Lol, no, I didn't catch that one either :) I figured it was something like that.
David - WI said:
All I did was click "Link" in the upper left-hand corner and fill in the text and the url. In the editor, it shows as an underlined, blue hyperlink... but when it posts it shows just plain text. I can show you - look above!
I suppose you missed the Aqui-S link in the next post, too? Click Me!
(I agree that it doesn't look like a link, but the time for me to be able to edit my post had long passed by the time I actually saw my own post 2 hours later.)
Carbon Dioxide, regulator, air line, and a diffuser would be the most humane in my opinion. Puts them permanently to sleep.

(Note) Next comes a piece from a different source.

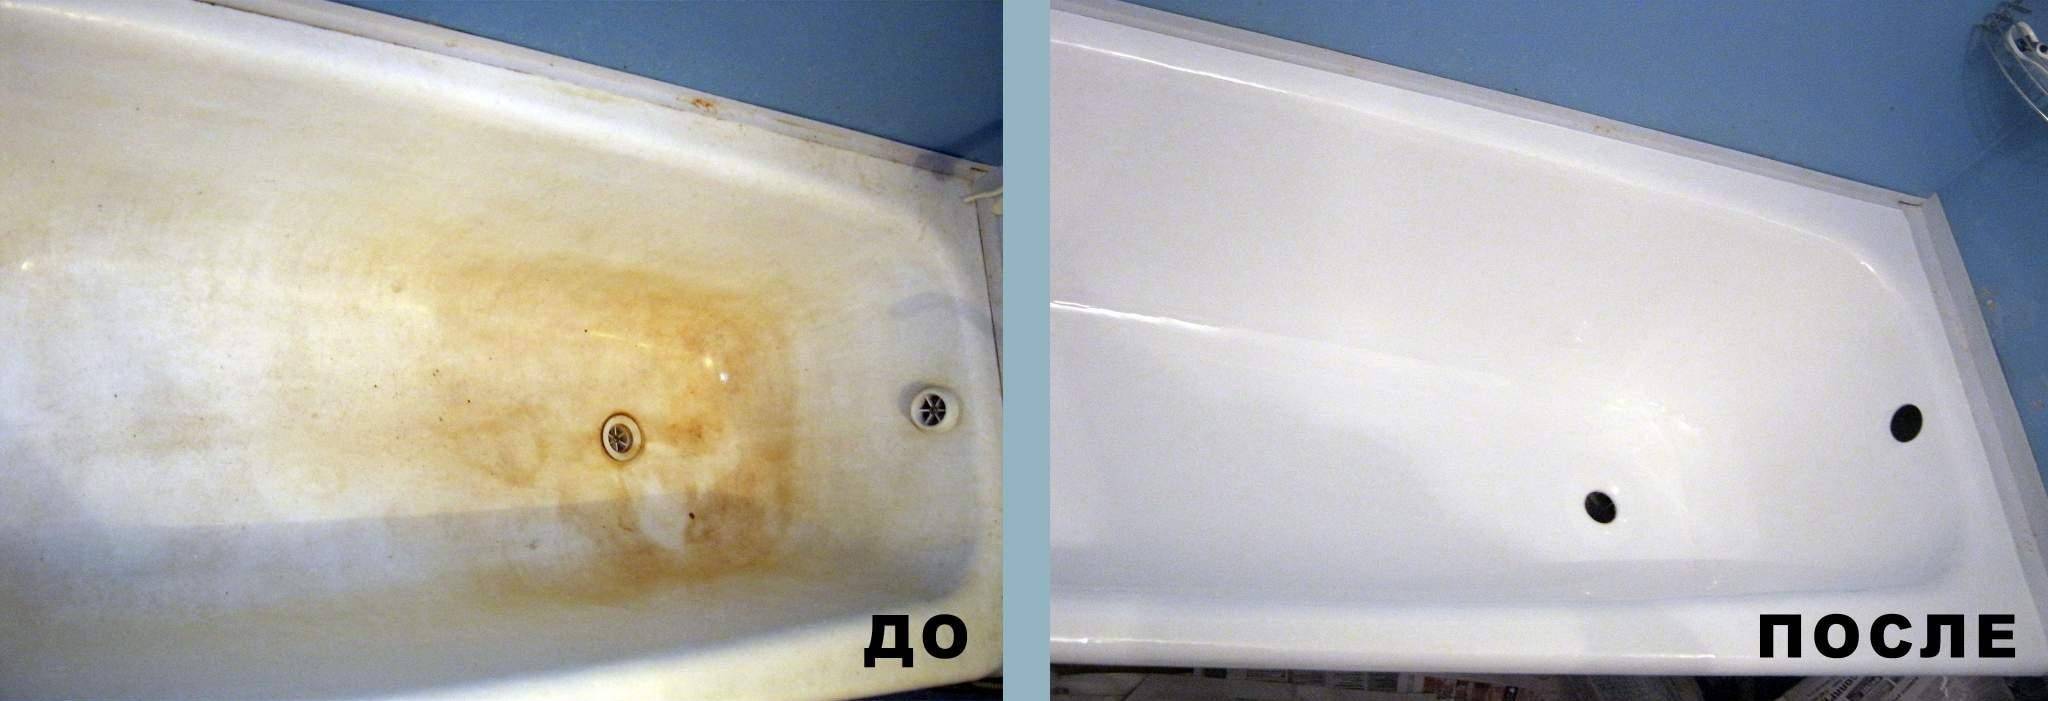 Акрил жидкий для ванны: области применения и преимущества, подготовка поверхности и технология нанесения, цена

Thank you, David, for the idea about Clove Oil. I am really going to look into that, along with the other ideas all you wonderful people have shared with me. I appreciate you understand this is difficult but necessary for me to do, (We have 1200 ppm coming from the fish tank, and not enough plants and trays to bring it down. Plus the fish are probably 2 years old and pretty big. You all have been very kind and knowledgeable to me, a newcomer.
I would like to know more about how to use Clove Essential Oil, I'm a distributor for doTerra Essential Oils, and just happen to have lots of Clove. I'm not sure how to use it on the fish yet tho--will be heading for the link soon, to see if it shines any light on the subject.
David - WI said:
If you aren't selling the fish, you might want to consider sedating them with clove oil before handling, to reduce the stress on the fish and yourself?